» **What you are asked to do**:
Give the data again word for word; drop the pictures.

» **Input data**:
=-=-=

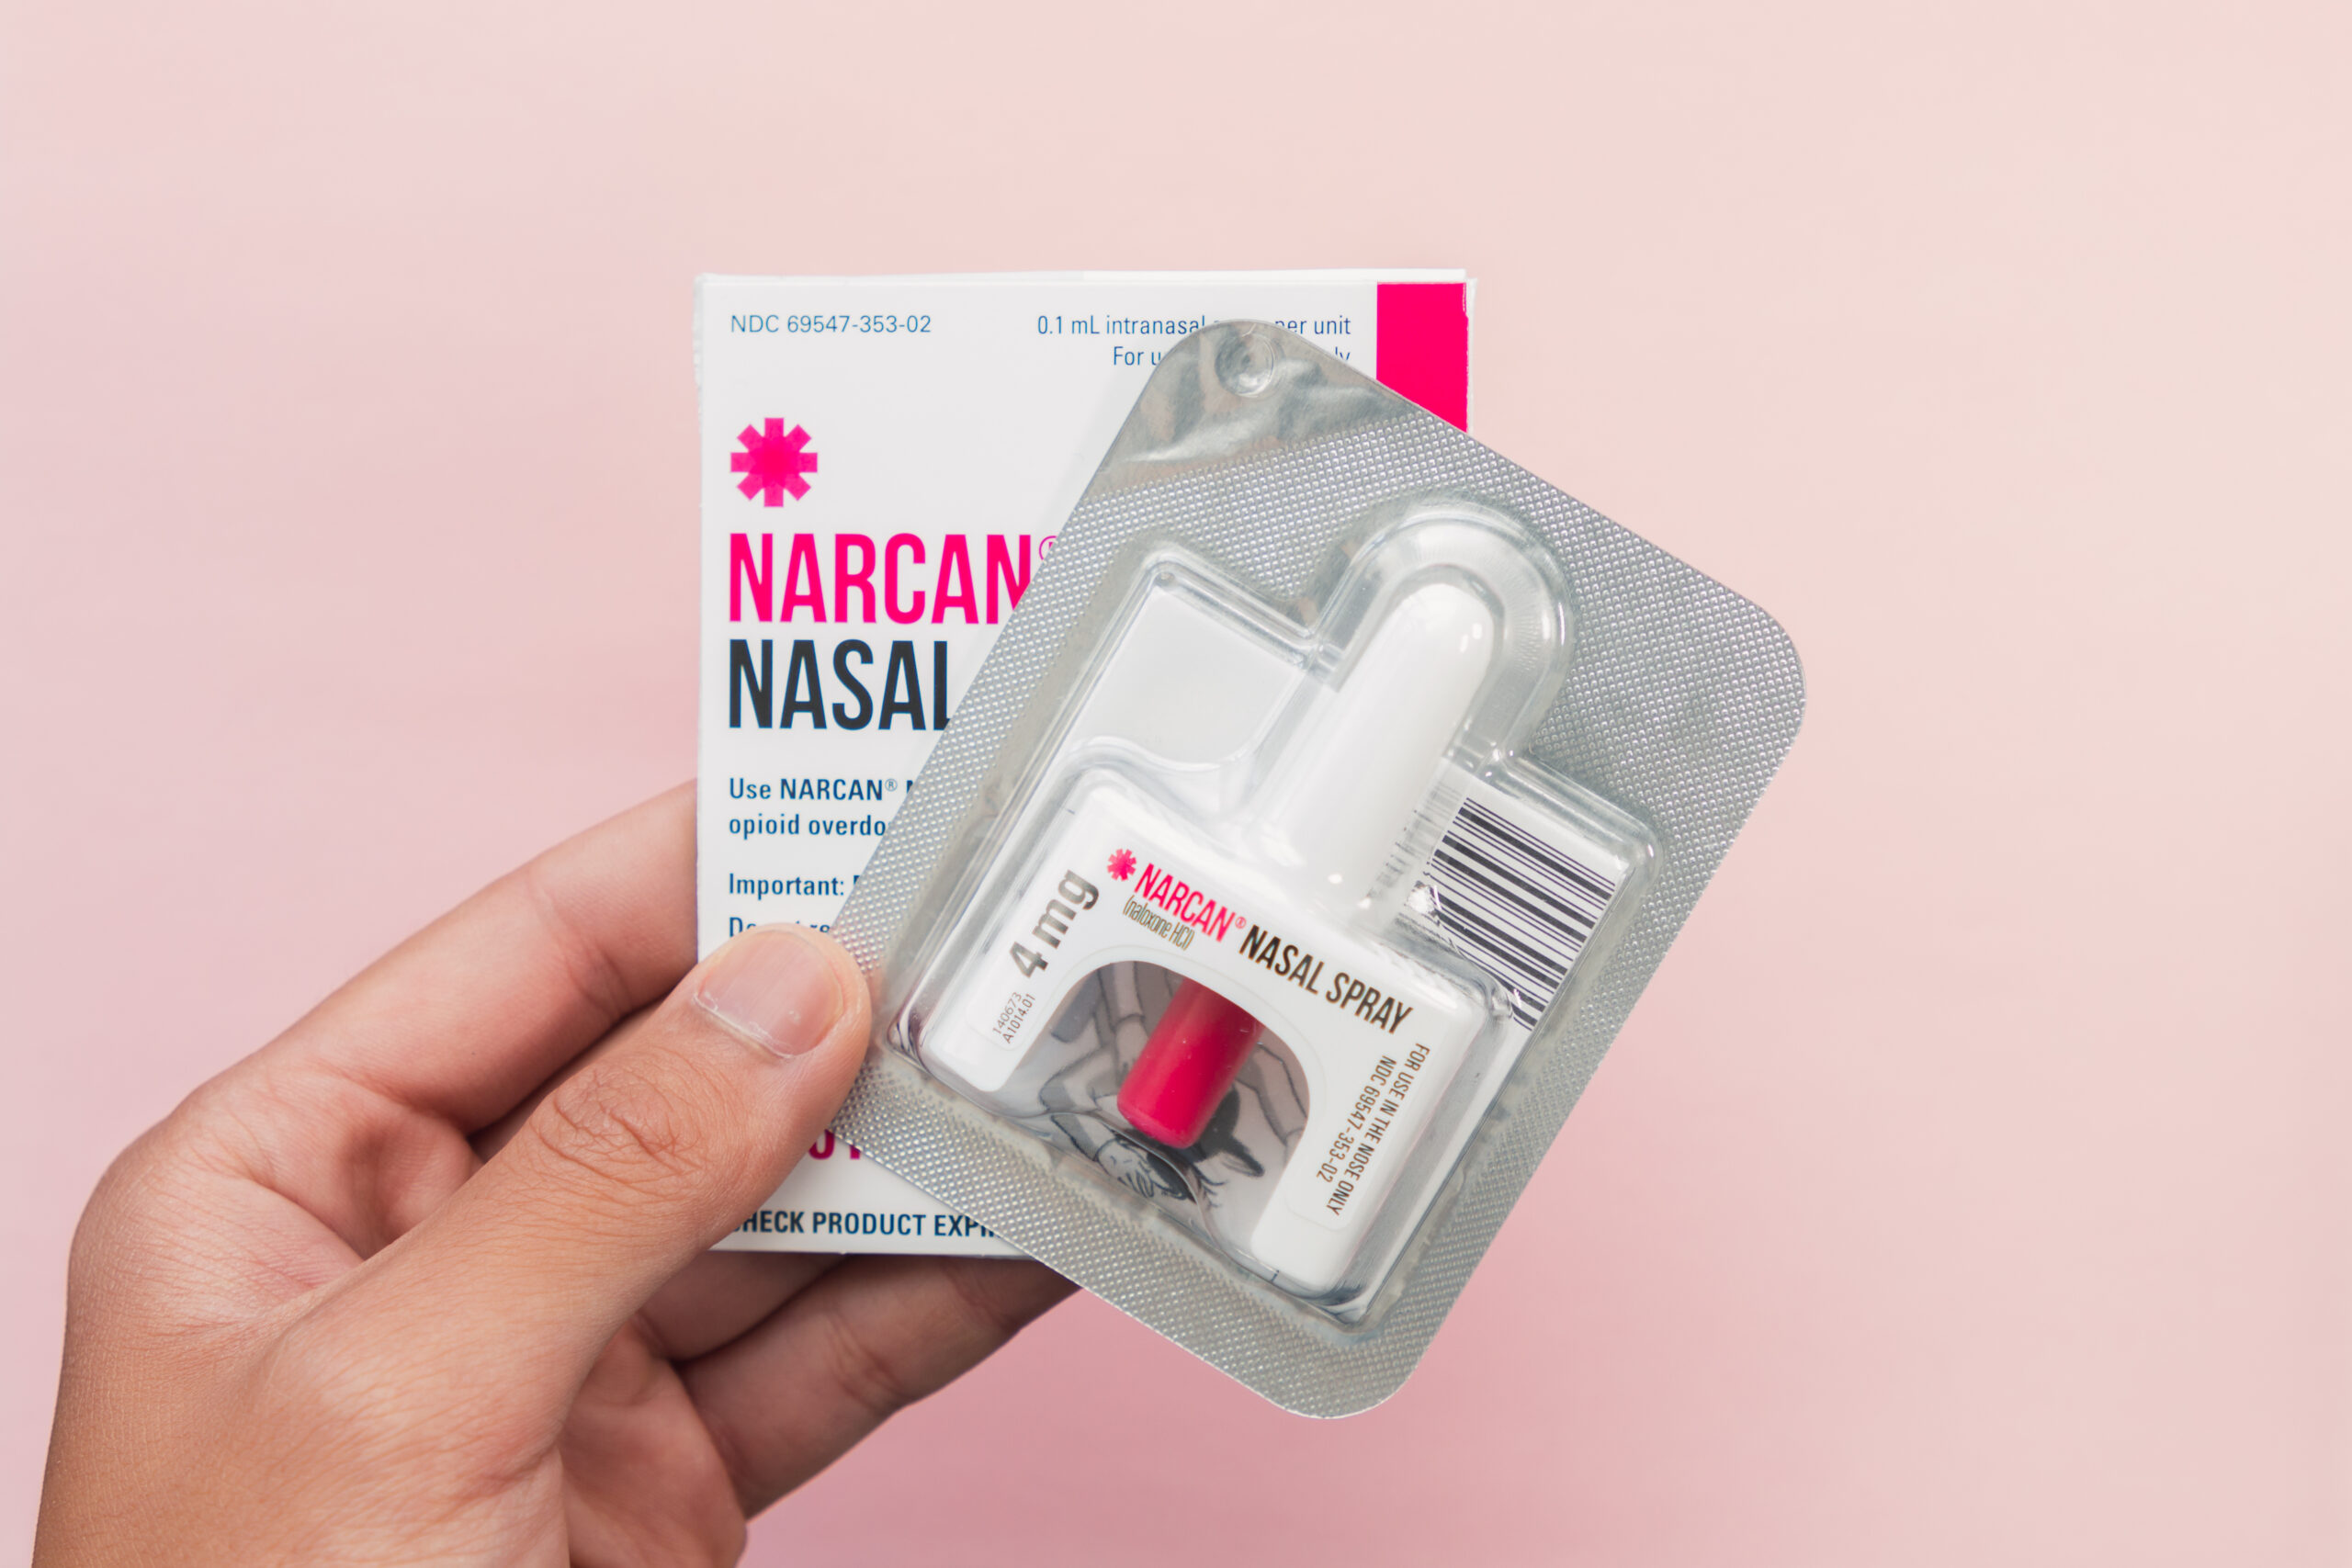 naloxone (Narcan) for opioid overdose
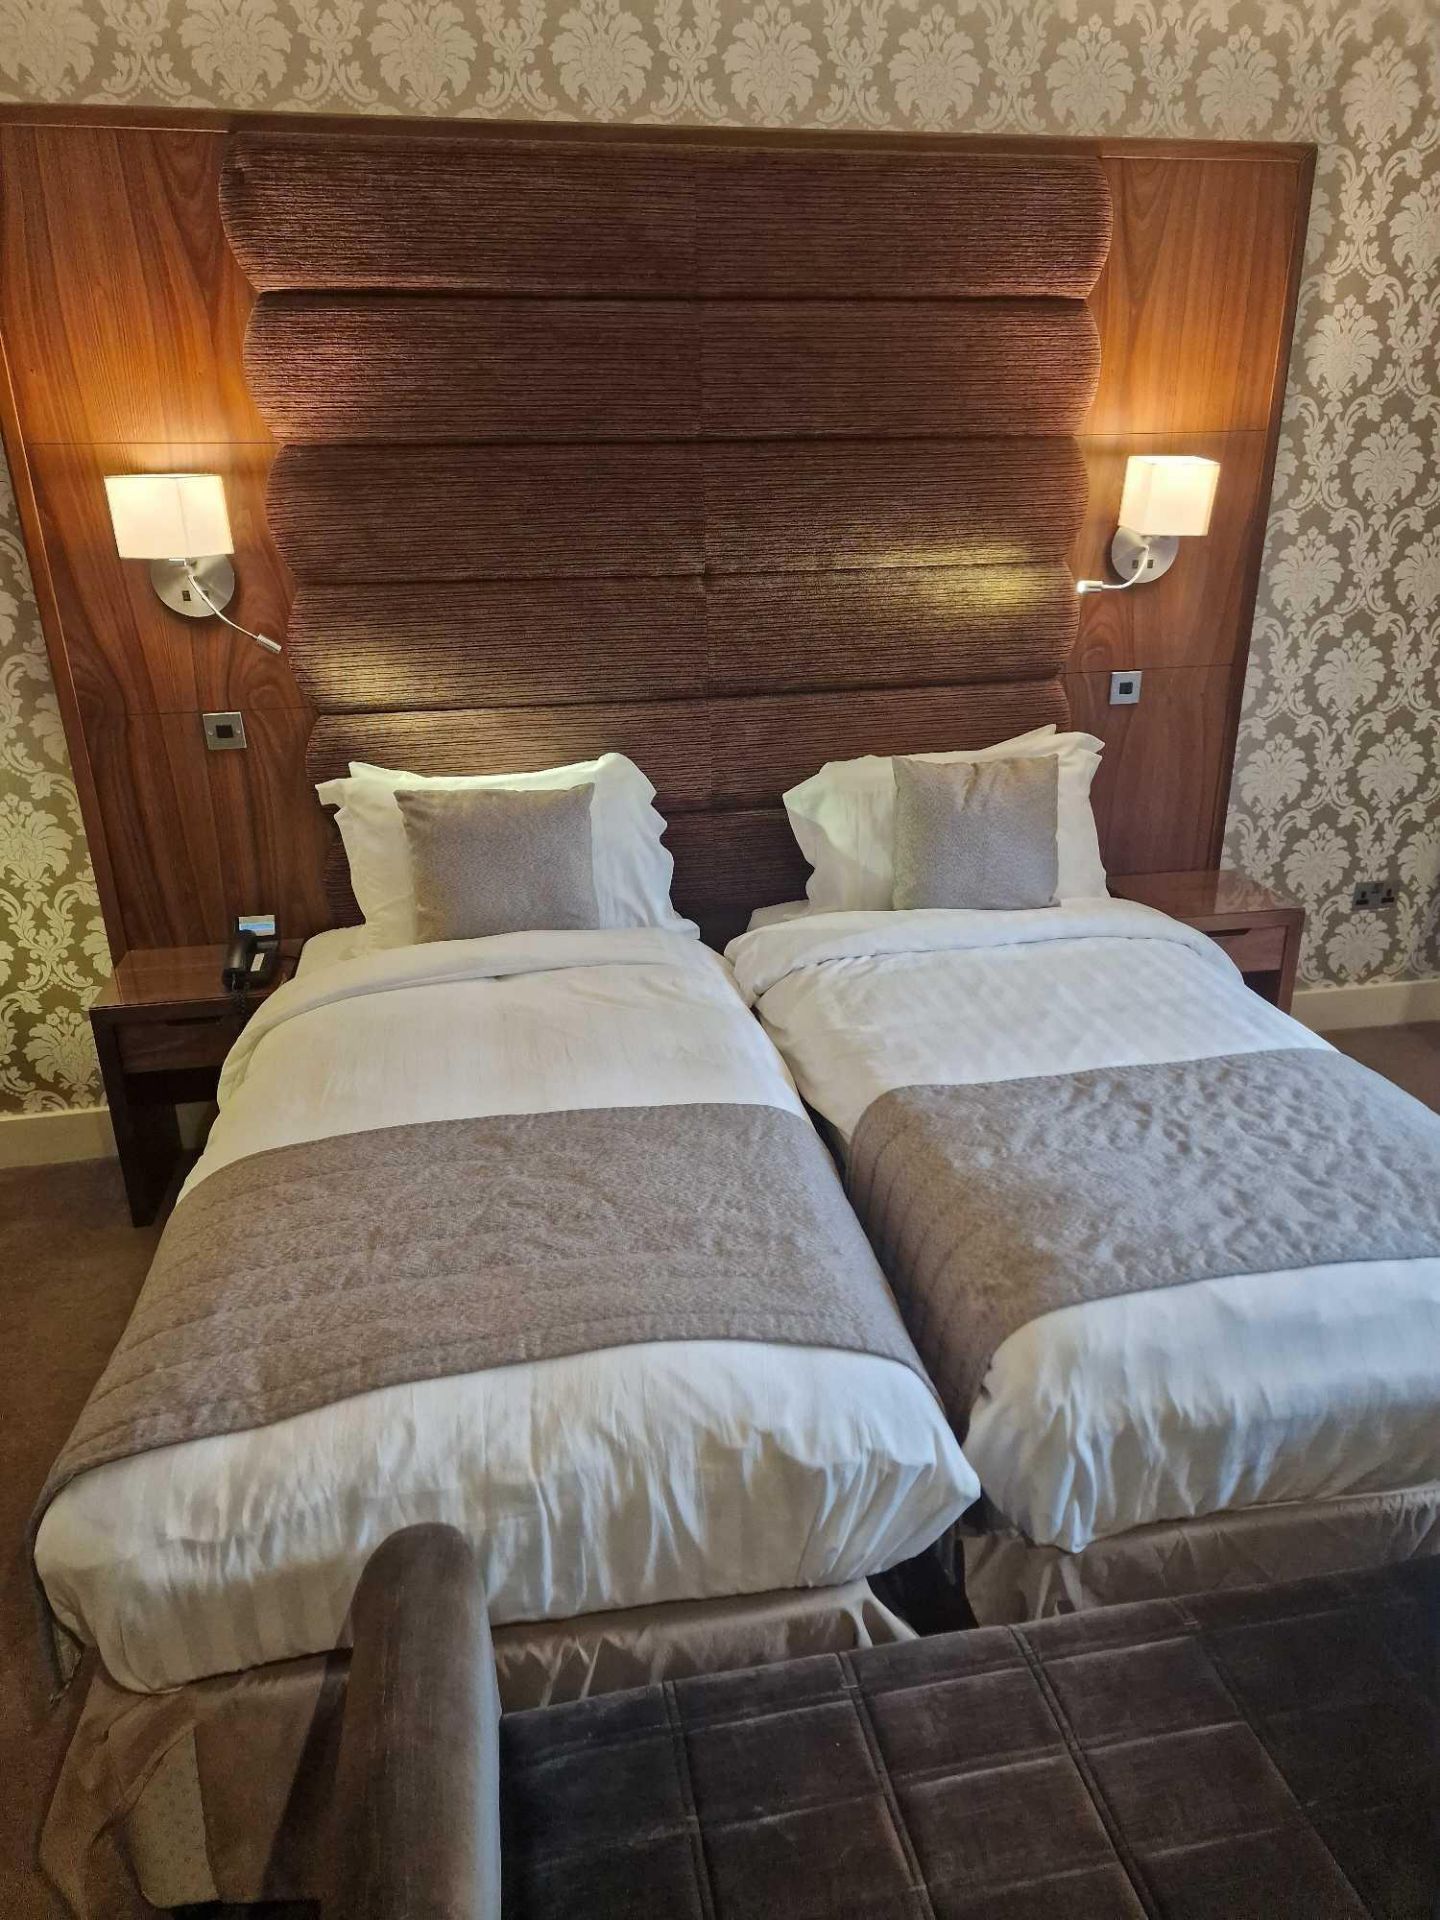 Hypnos Superking 180 x 200cm Zip and Link hotel contract bed comprising of mattress divan base - Bild 2 aus 2
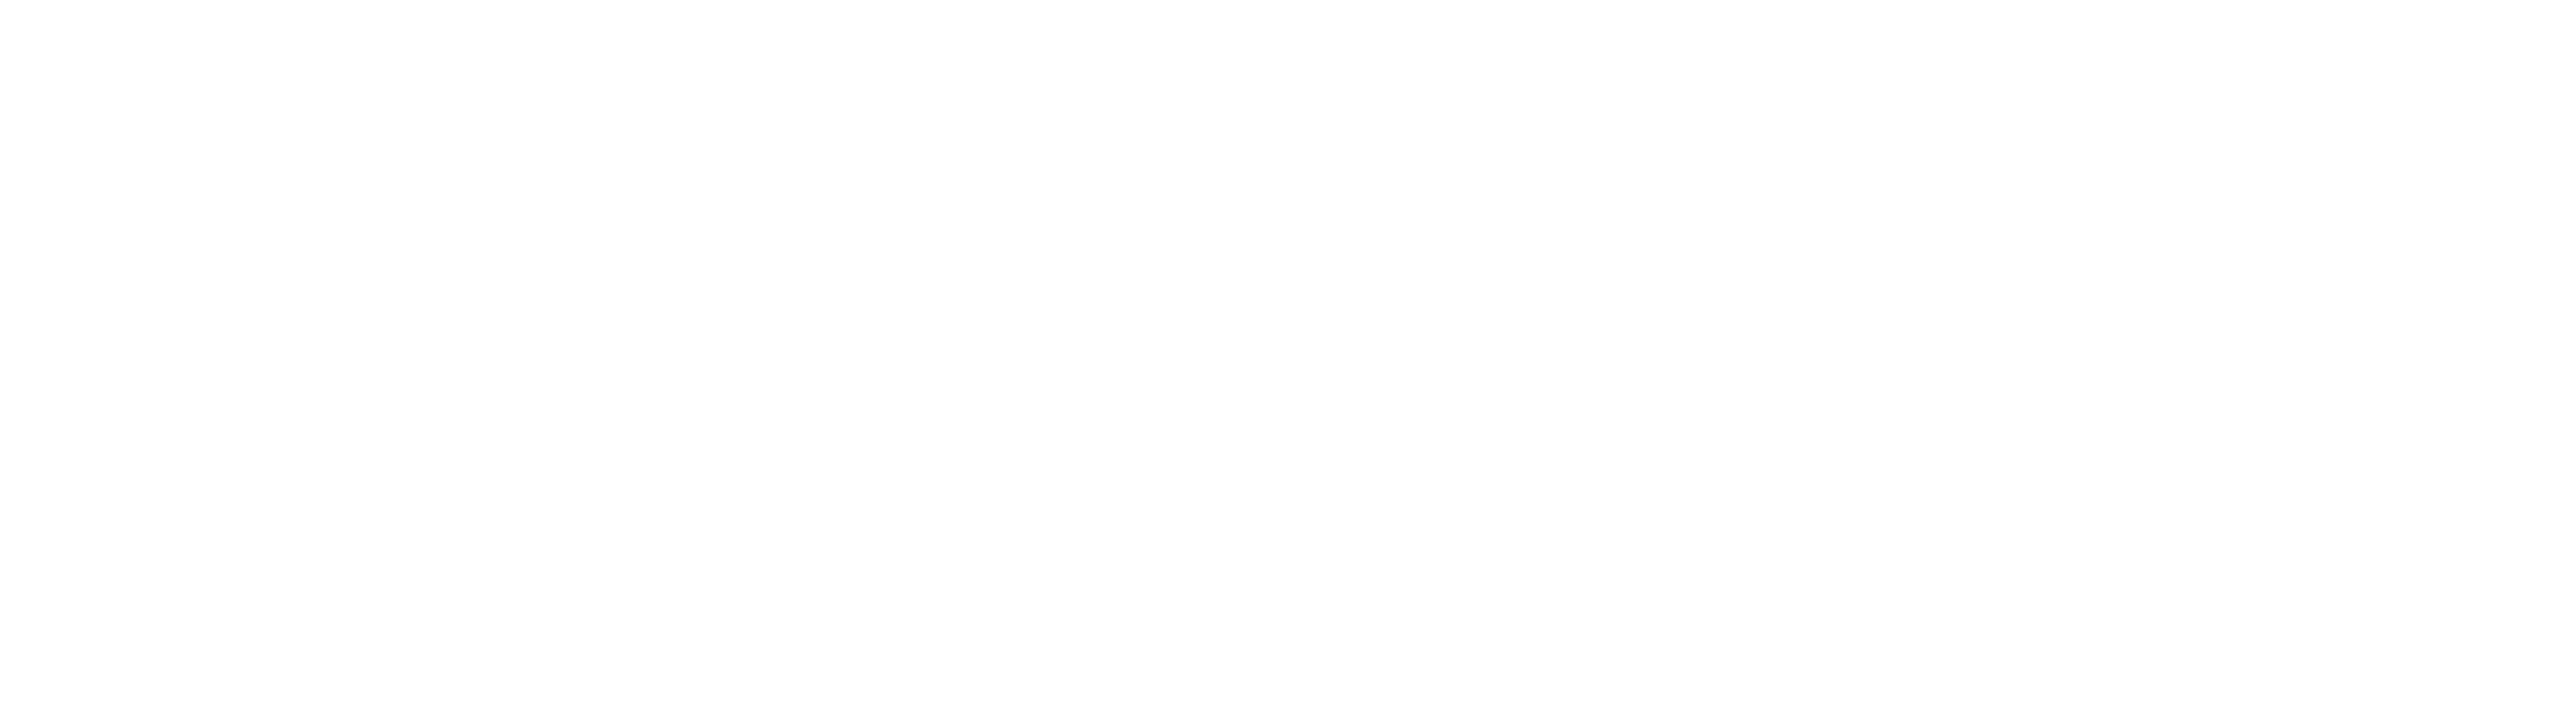 Логотип Московский спорт

=-=-=

» **Exercise response**:
 naloxone (Narcan) for opioid overdose
 Hypnos Superking 180 x 200cm Zip and Link hotel contract bed comprising of mattress divan base - Bild 2 aus 2
 Логотип Московский спорт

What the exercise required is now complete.